# SF alternative Budget 2023 - tax proposals



## Protocol (23 Sep 2022)

See page 46 here:


			https://site.sinnfein.ie/wp-content/uploads/2022/09/SinnFeinBudget2023.pdf
		


I have a few questions, see below.






17.6 - this is a cut in income to the local councils, so it will have to be made up somewhere else.
17.10 - why newspapers?







17.12 - I think this happens in the UK?
17.13 - this means a 55% marginal income tax rate: 40 + 4 PRSI + 8 USC + 3 extra
17.15 - the employee earnings limit at 60k - does that mean you can only get tax relief on income up to 60k, surely that would hit thousands of workers, including many public servants?
17.19 - wealth tax difficult to implement in practice
17.22 - stamp duties are bad taxes, but 12.5% is crazy, surely??

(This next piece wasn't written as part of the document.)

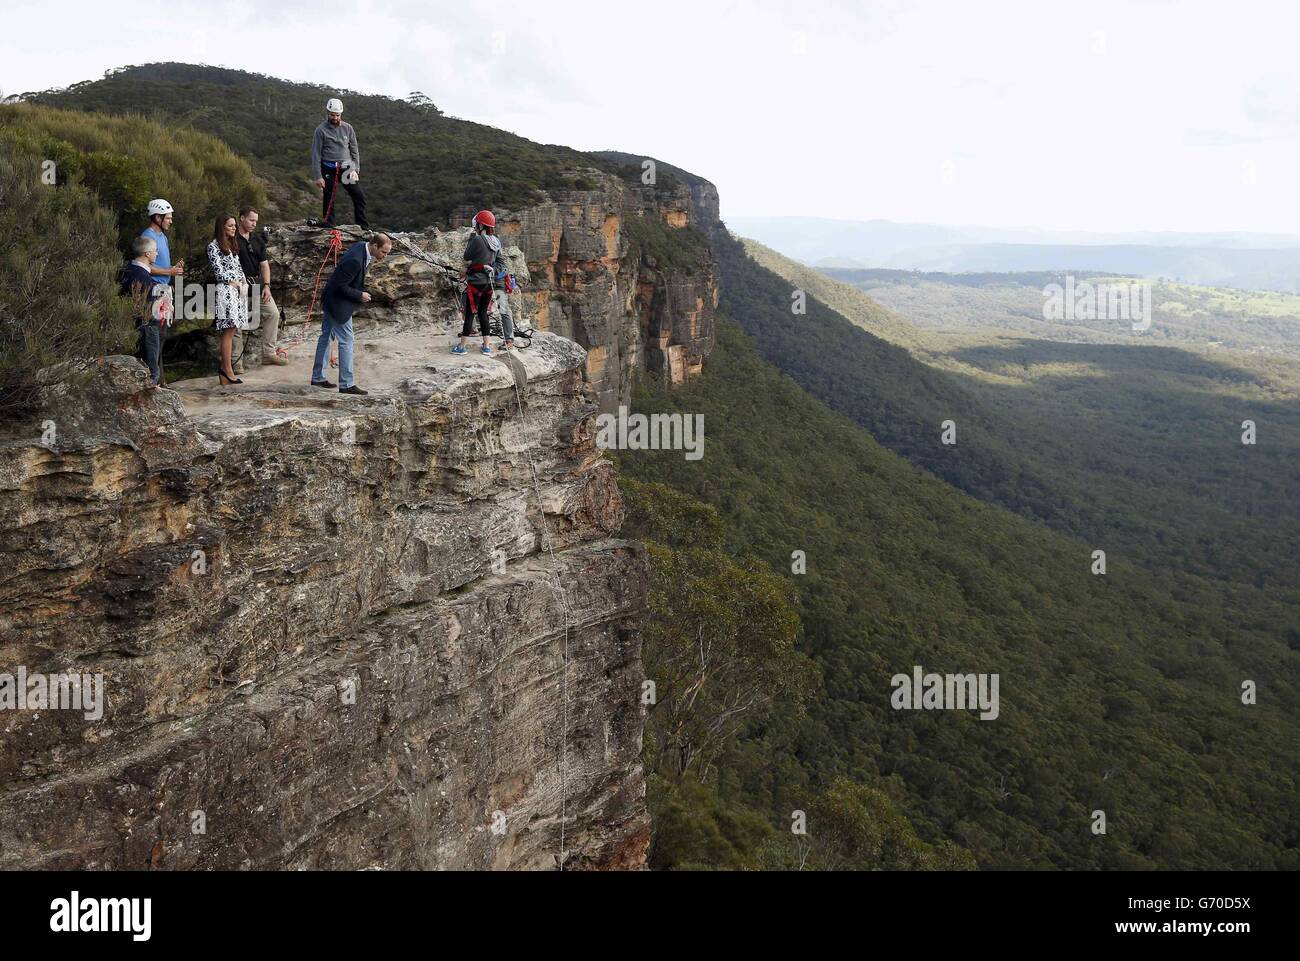 The Duke of Cambridge (centre) looks over the edge of a cliff as he and the Duchess of Cambridge visit the Narrow Neck Lookout and observes abseiling by the Mountain Youth Services group in the Blue Mountains town of Katoomba, west of Sydney. Stock Photo
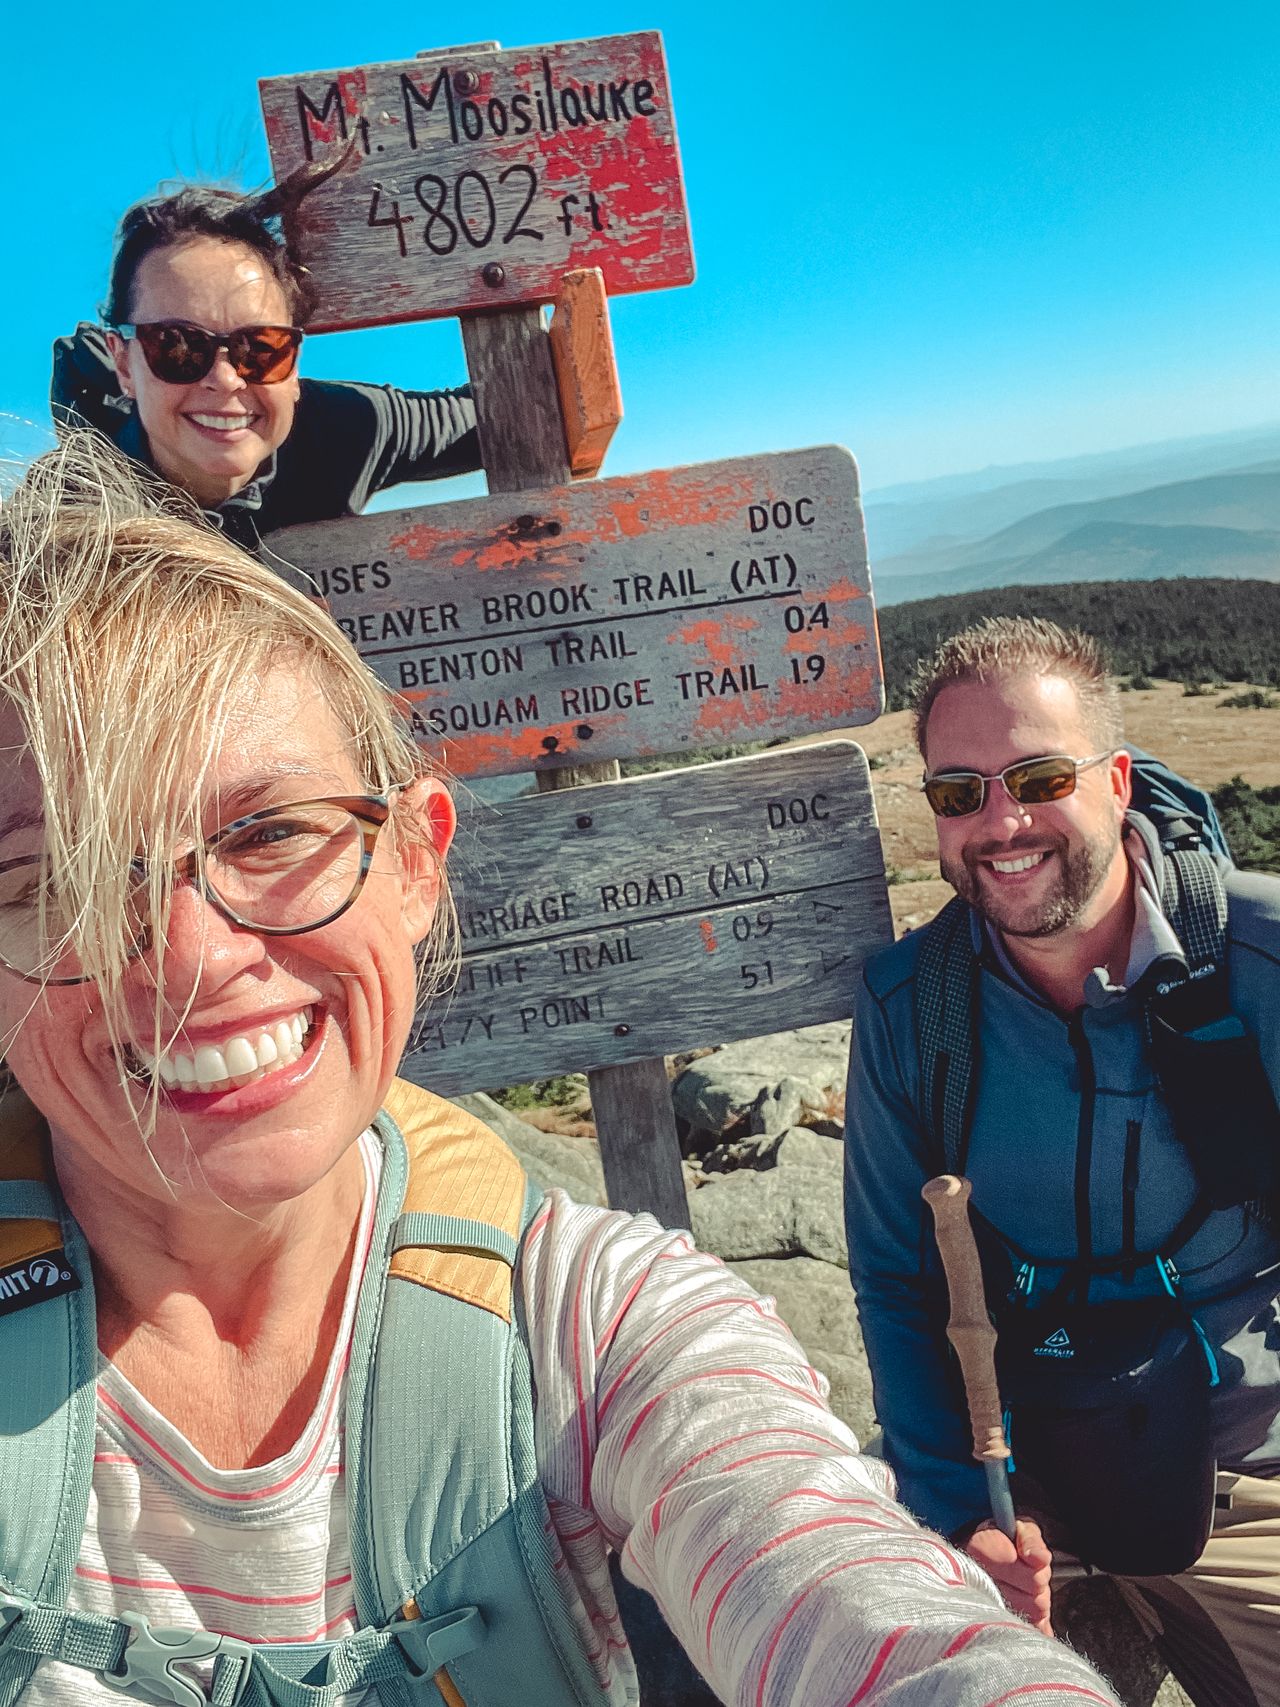 Selfie at the top of Mount Moosilauke showing Dries, Vanessa and Beth.

The following are not costed:






DWT at 33% is just a cashflow effect, surely, as when people do their tax returns, they will either get a rebate or pay more tax on the dividends.
No. 6 = what tax-break?


----------



## AAAContributor (23 Sep 2022)

Protocol said:


> No. 6 = what tax-break?



All companies within the charge to Irish tax (not just the banks) can avail of provisions in tax law to:

 - offset current trading losses against profits (if there were any) of the preceding accounting period for corporation tax purposes, or 
 - utilise losses against corporation tax on non trading income on a value basis, or 
 - carry forward losses to set against profits of future years. 

Banks lost so much money on trackers and bad lending etc. that they are able to use them against the profits they are making now for corporation tax purposes i.e. if a bank makes a profit this year of €500m and is carrying forward losses of €5bn, it can utilise €500m of the €5bn loss to set against the €500m profit and therefore its net trading income subject to corporation tax @ 12.50% = nil. It carries forward €4.5bn of trading losses to the following year until all the loss is used up.


----------



## Rasputin (23 Sep 2022)

17.24 - how high would a pollution tax on private jets need to be to raise 18m a year. I have no idea what kind of private jet traffic comes in and out of ireland every year, but to raise 18 mil in tax from it, suggests a hell of a lot more than I thought. I would imagine the traffic would reduce significantly if this goes through.


----------



## Protocol (23 Sep 2022)

Yes, I know about carrying forward past losses against CT.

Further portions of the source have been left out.